Vance annuì lentamente.
− Sì, proprio così. Afferro l’idea, sergente. Diverso e perciò pericoloso.
− E la vera ragione per cui sono venuto qui stasera − proseguì Heath − è dire al signor Markham cosa ho intenzione di fare. Naturalmente, faremo la posta a Poiana. Potrebbe venire direttamente qui; o potrebbe puntare a ovest e tentare di raggiungere il Dakota, se ha cervello.
− Esatto − intervenne Markham. − Probabilmente ha ragione a sospettare che punterà a ovest. E io certamente non ho in programma gite alle Black Hills.
− Comunque, Capo − proseguì imperterrito il sergente − non scommetto niente su di lui, soprattutto perché siamo ben informati sui suoi vecchi soci da queste parti.
− A chi si riferisce, sergente?
− A Mirche, del caffè Domdaniel, e all’ex amichetta di Benny che canta lì, la Del Marr.
− Se Mirche e Pellinzi siano soci − disse Markham − è un punto controverso nella mia mente.

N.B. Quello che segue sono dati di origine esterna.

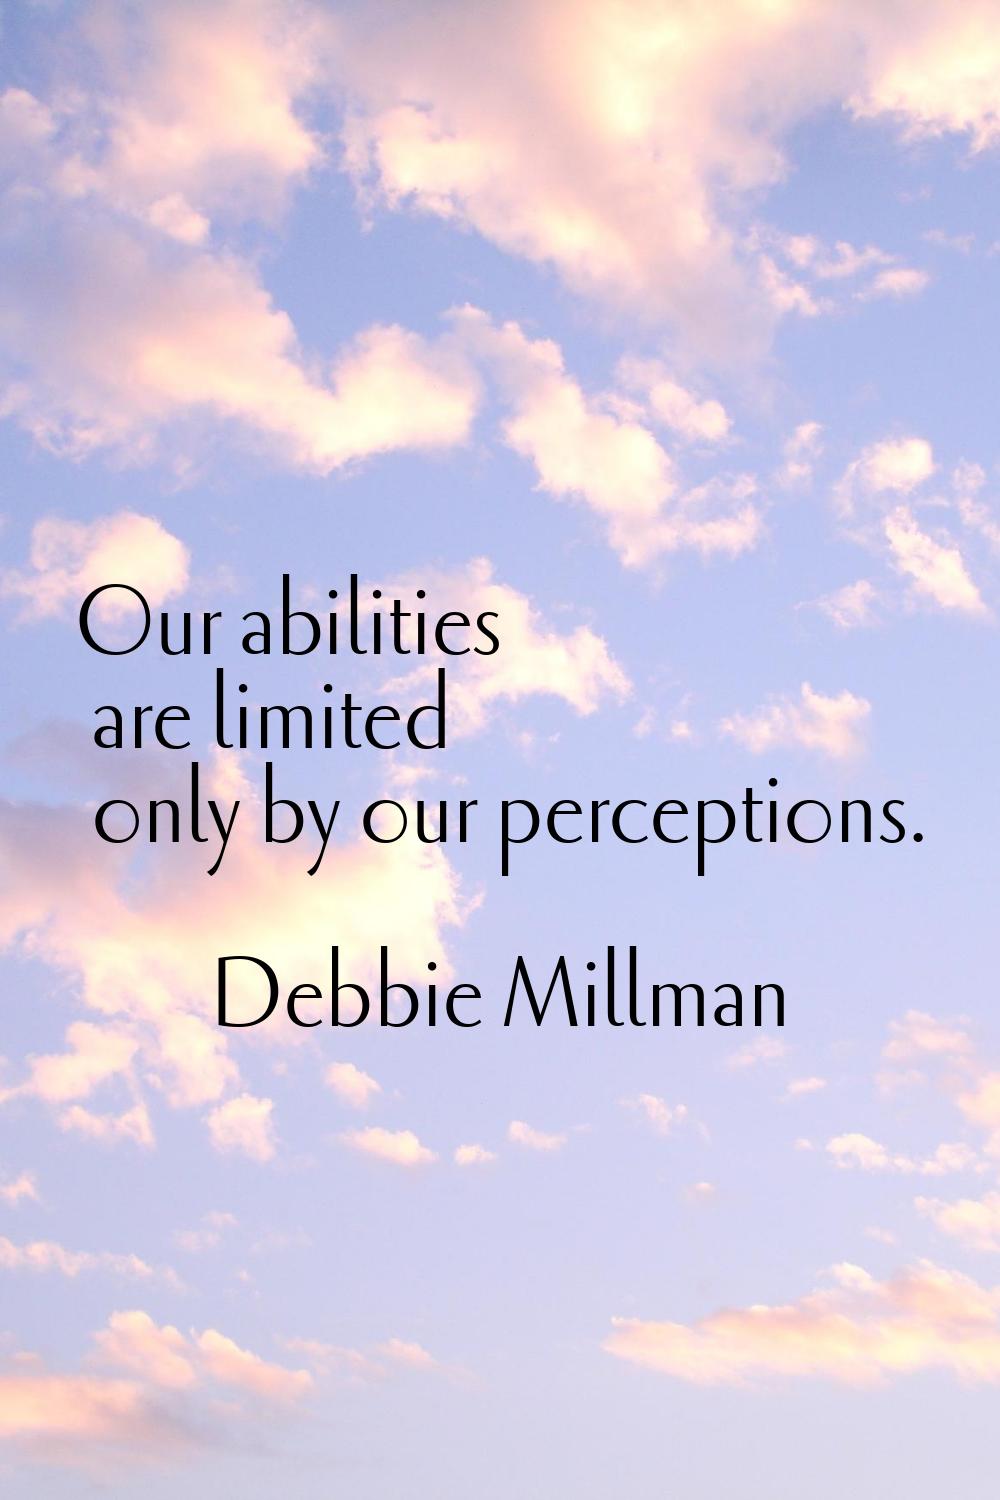 Our abilities are limited only by our perceptions.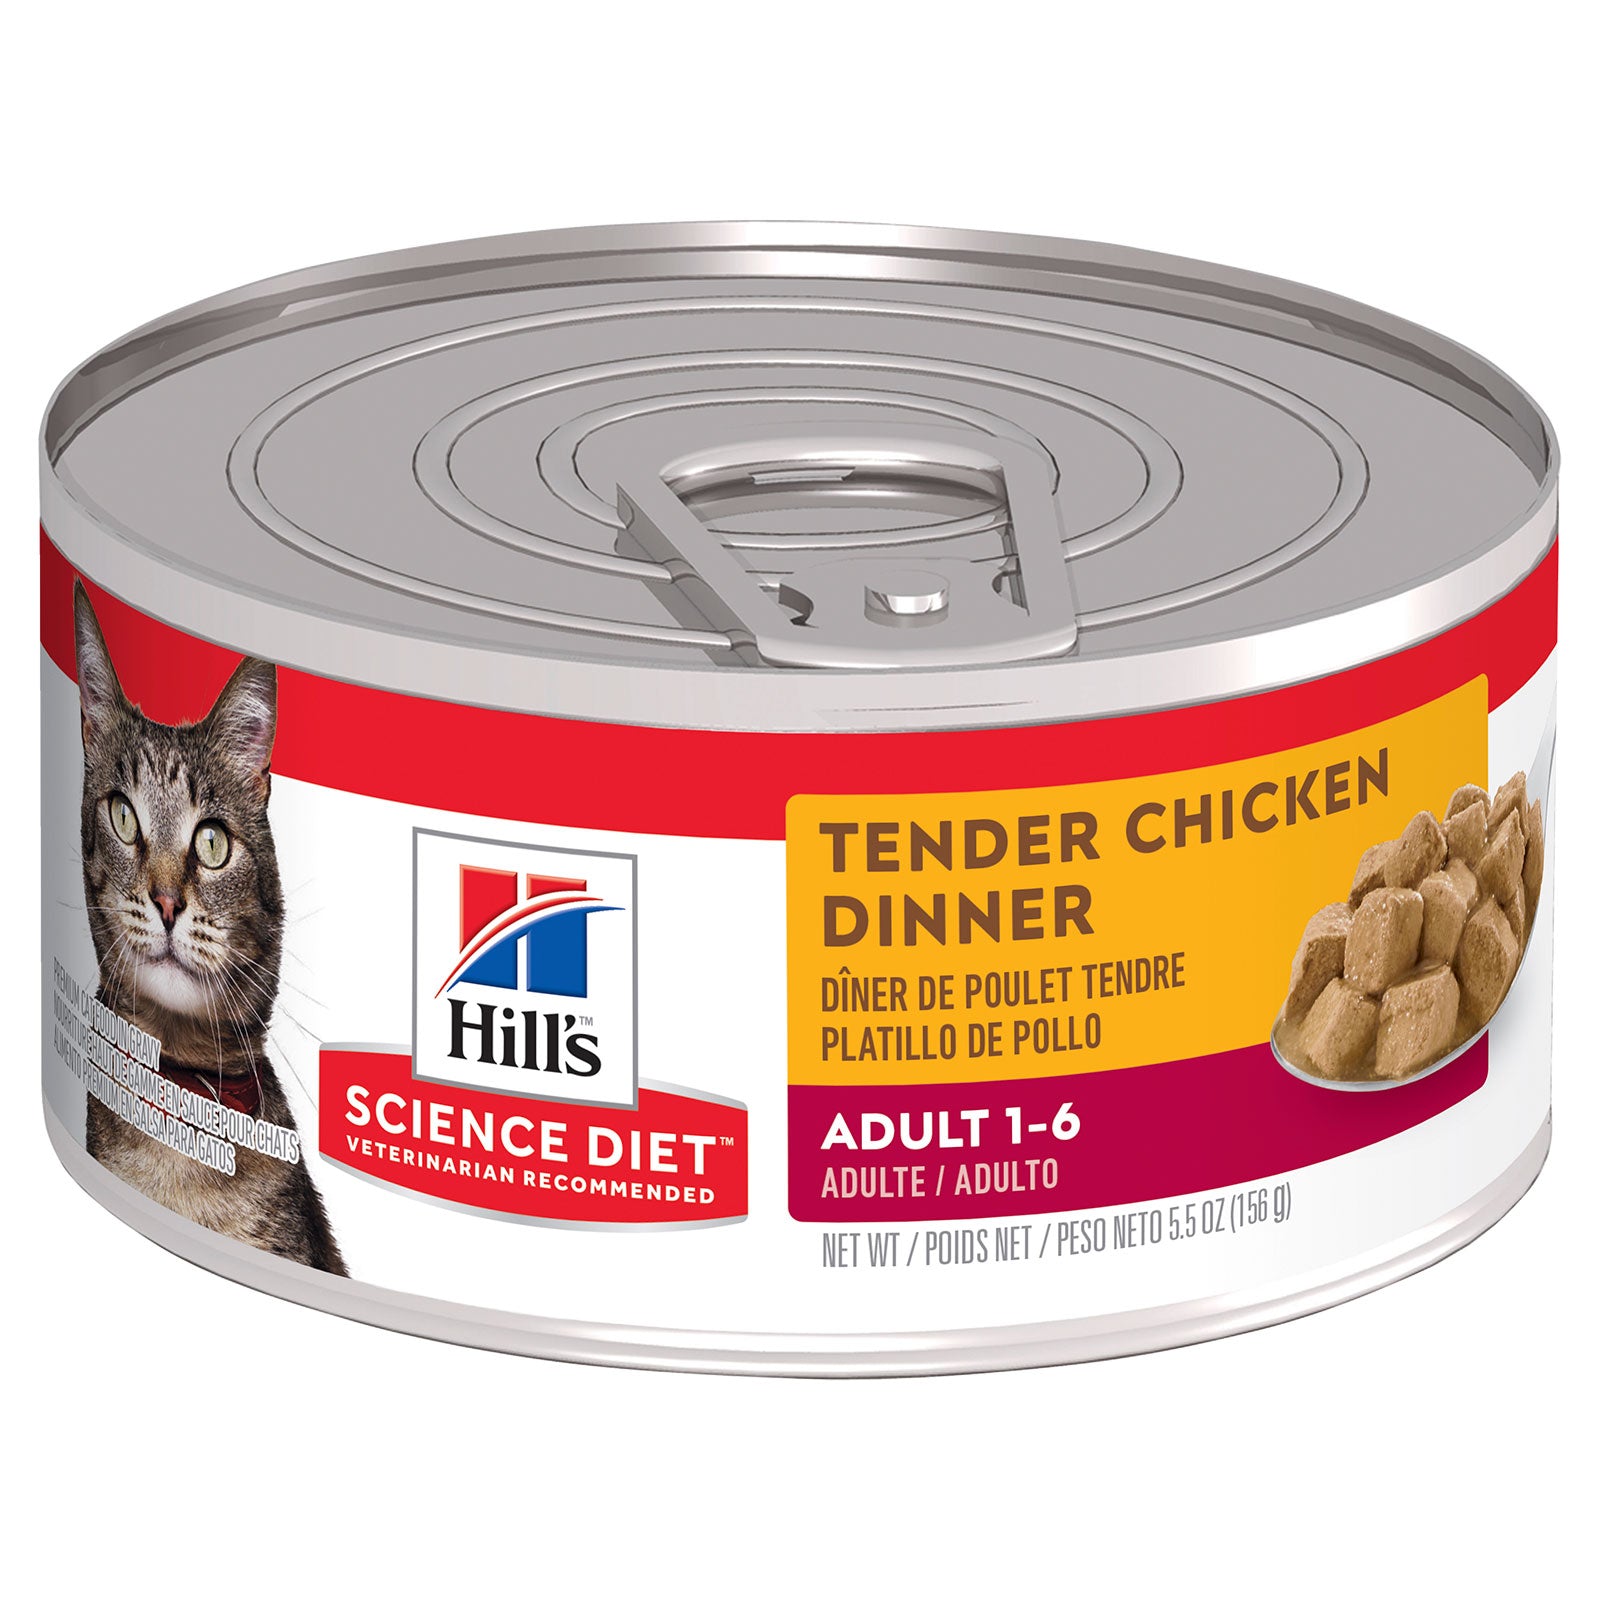 Hill's Science Diet Cat Food Can Adult Tender Chicken Dinner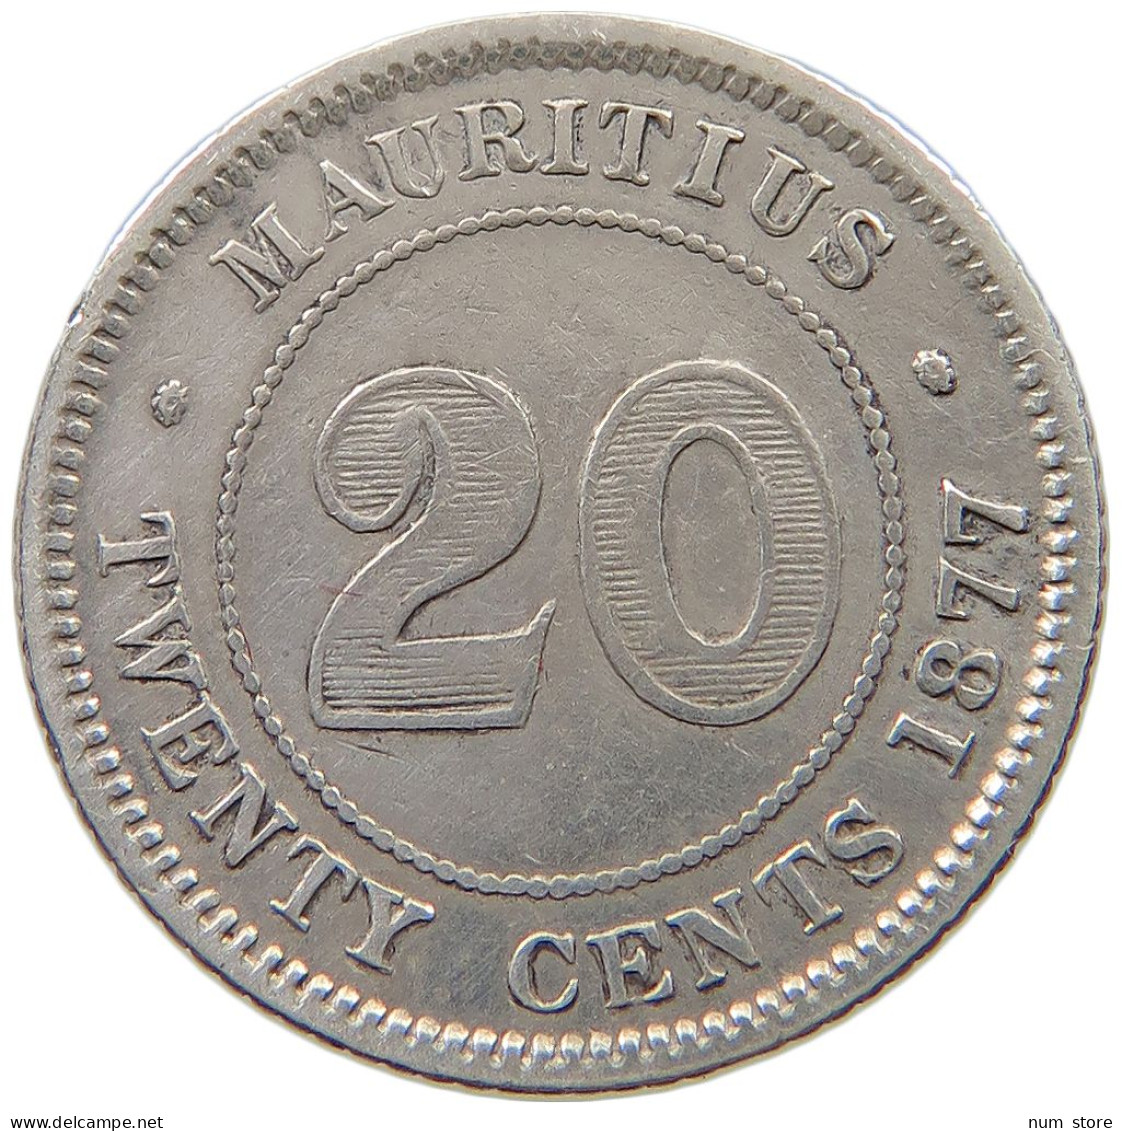 MAURITIUS 20 CENTS 1877 H Victoria 1837-1901 #t108 0117 - Maurice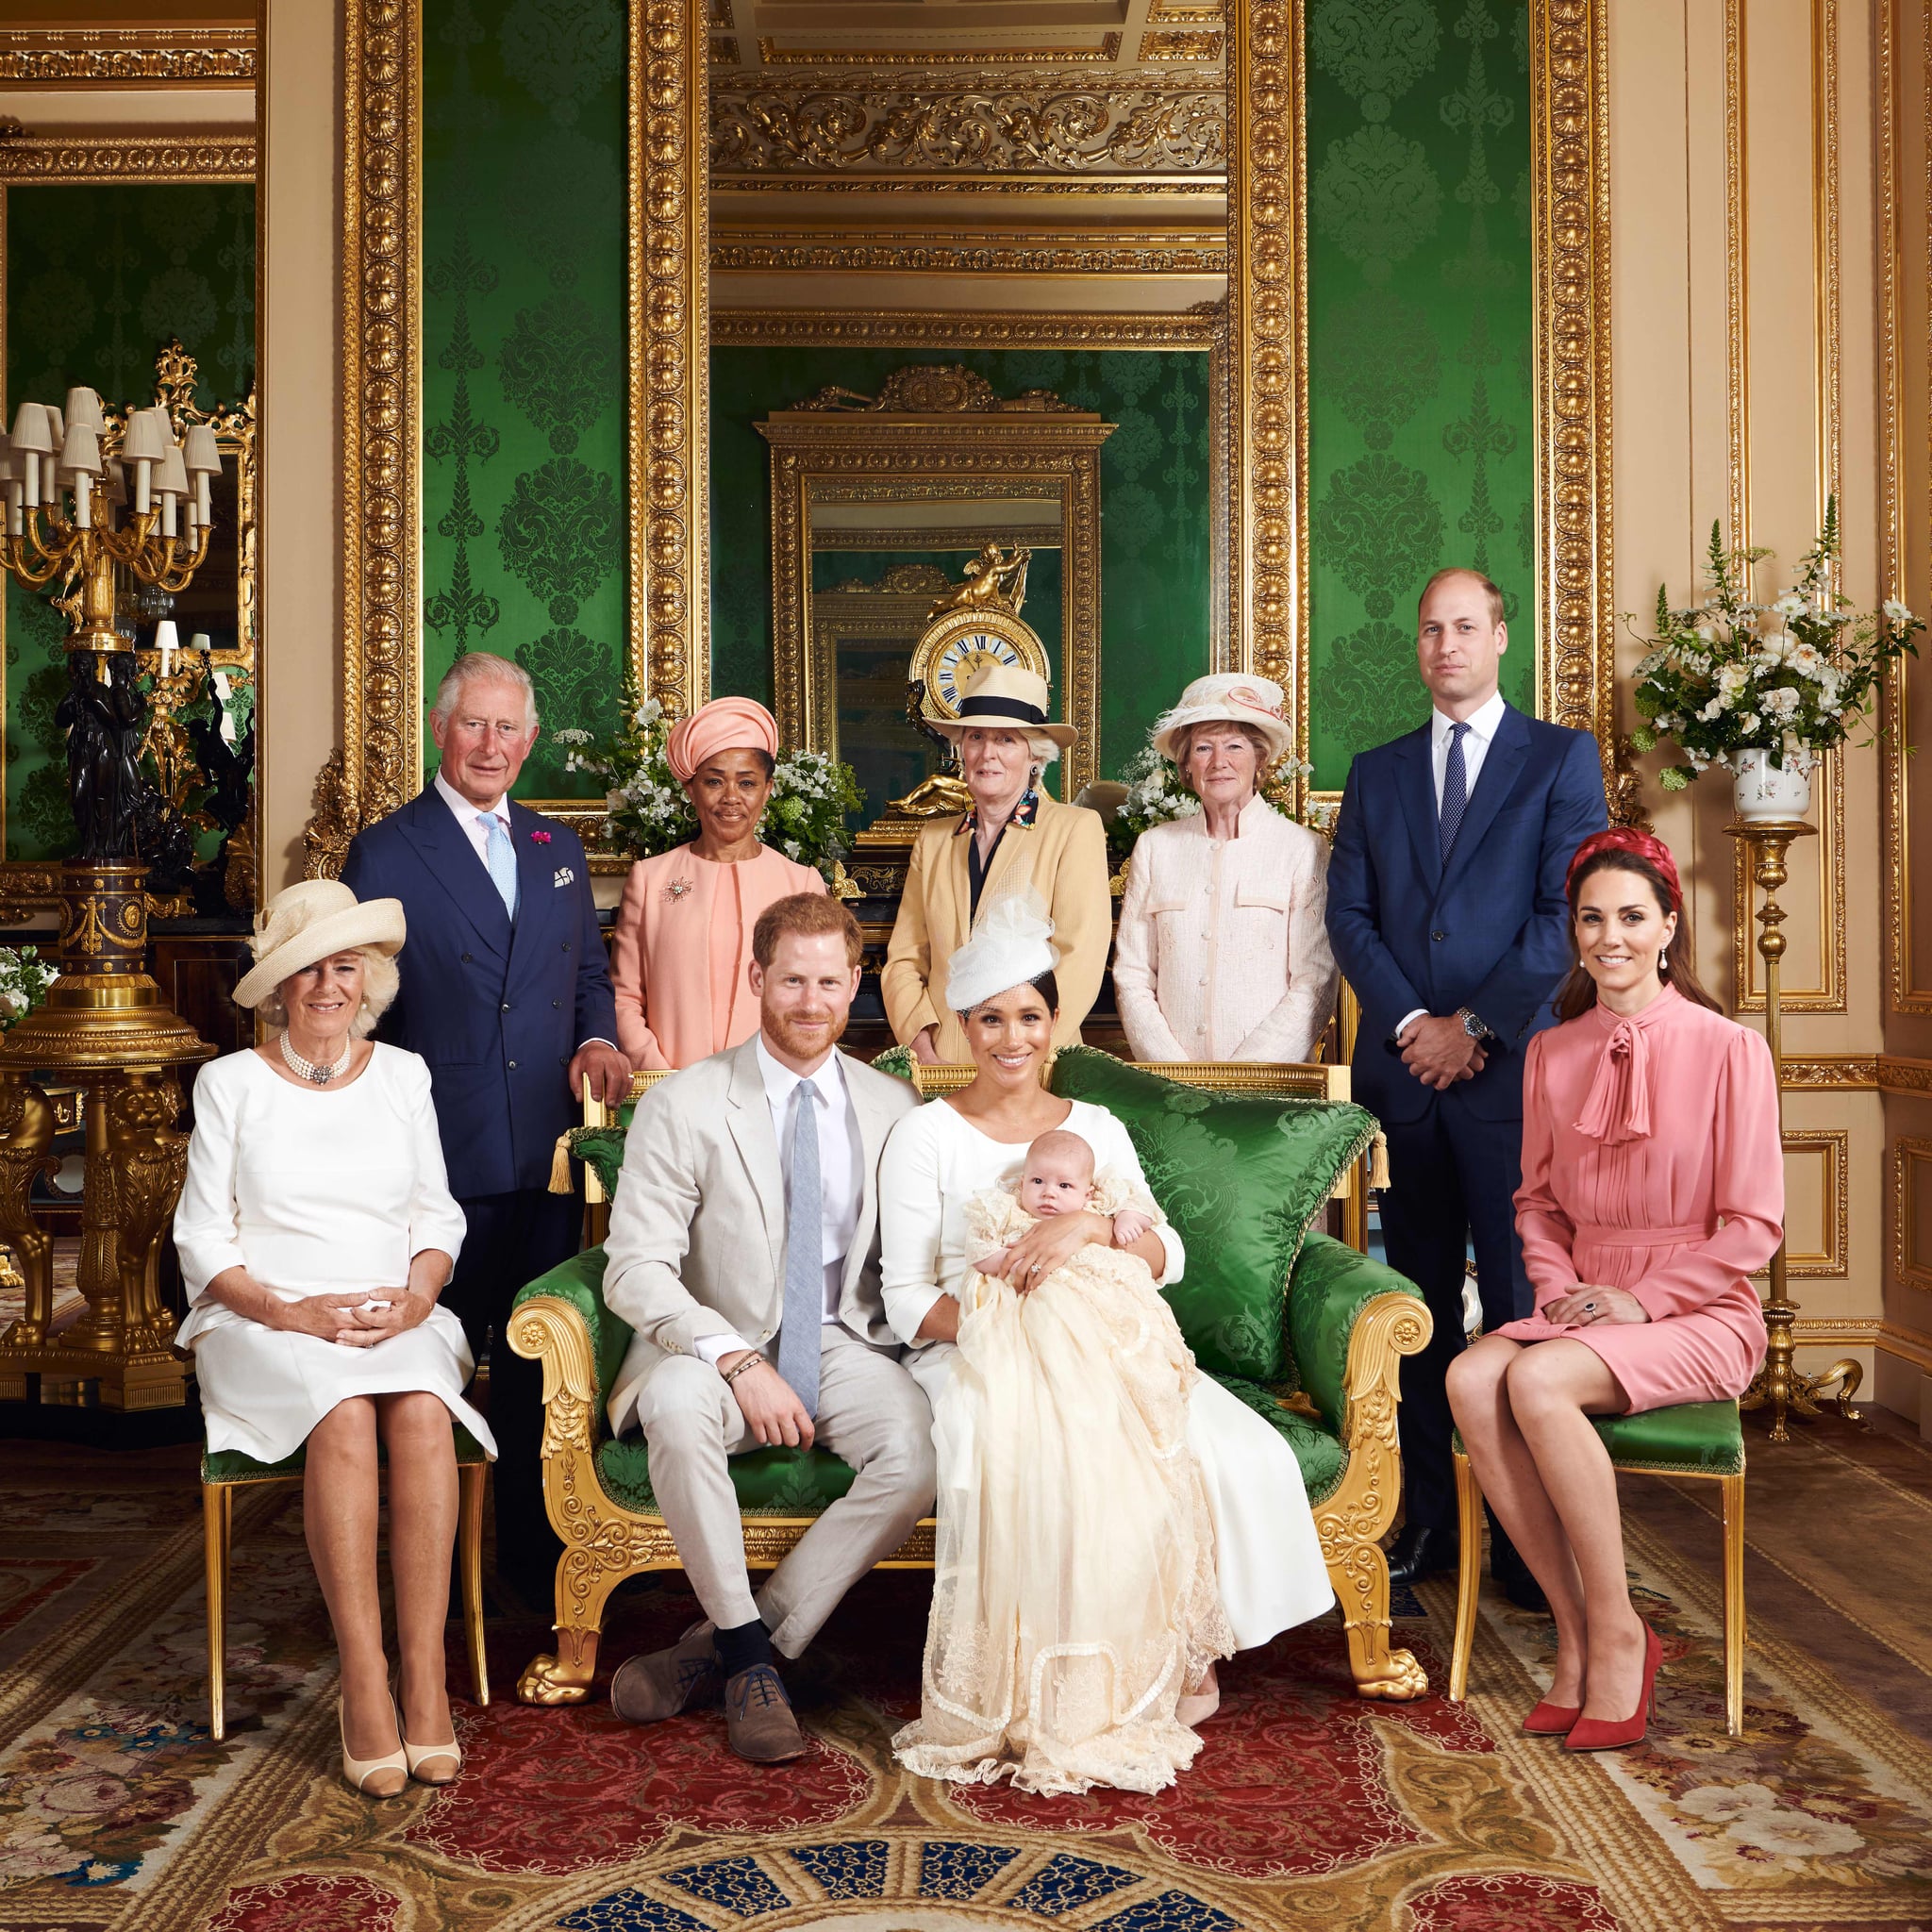 This official handout Christening photograph released by the Duke and Duchess of Sussex shows Britain

− Non nella mia, Capo. E se Poiana dovesse intrufolarsi a New York, mi sa che andrebbe subito a chiedere aiuto a Mirche.
Markham non dibatté oltre sulle ipotesi. Si limitò invece a chiedere:
− Che piano intende seguire, sergente?
Heath si protese al centro del tavolo.
− Ho pensato così, Capo. Se Poiana deciderà davvero di tornare al vecchio terreno di caccia, starà ben attento. Lo farà in fretta e all’improvviso, immaginando che noi non ci saremo preparati. Se non si farà vedere nei prossimi giorni, abbandonerò semplicemente l’idea, e i ragazzi terranno gli occhi aperti come al solito. Ma, a cominciare da domani mattina, ho intenzione di tenere Hennessey in quella vecchia pensione di fronte al Domdaniel, a marcare la porticina che dà sull’ufficio privato di Mirche. E Burke e Smitkin staranno con Hennessey nel caso il pennuto si facesse vedere.
− Non è un po’ ottimista, sergente? − chiese Vance. − Tre anni di prigione possono operare molti cambiamenti sulla fisionomia di una persona, soprattutto se la vittima è ancora giovane e non troppo robusta.
Heath liquidò lo scetticismo di Vance con un gesto di impazienza.
− Mi fido di Hennessey, ha buon occhio.
− Oh, non dubito della vista di Hennessey − lo rassicurò Vance − ammesso che il suo Poiana in libertà sia così stupido da scegliere la porta principale per entrare nell’ufficio di Mirche. Ma in realtà, mio caro sergente, Mastro Pellinzi potrebbe giudicare più saggio intrufolarsi per la porta di servizio, sa.
− Non ci sono porte di servizio − spiegò Heath − e non ci sono neanche porte laterali. Una stanza strettamente privata con un solo ingresso sulla strada. Ecco la sistemazione alla luce del sole di questo Mirche: tutto pulito. Limpido come l’acqua.
− È una struttura separata questo studio? − chiese Vance. − O è annesso al caffè? Non me lo ricordo.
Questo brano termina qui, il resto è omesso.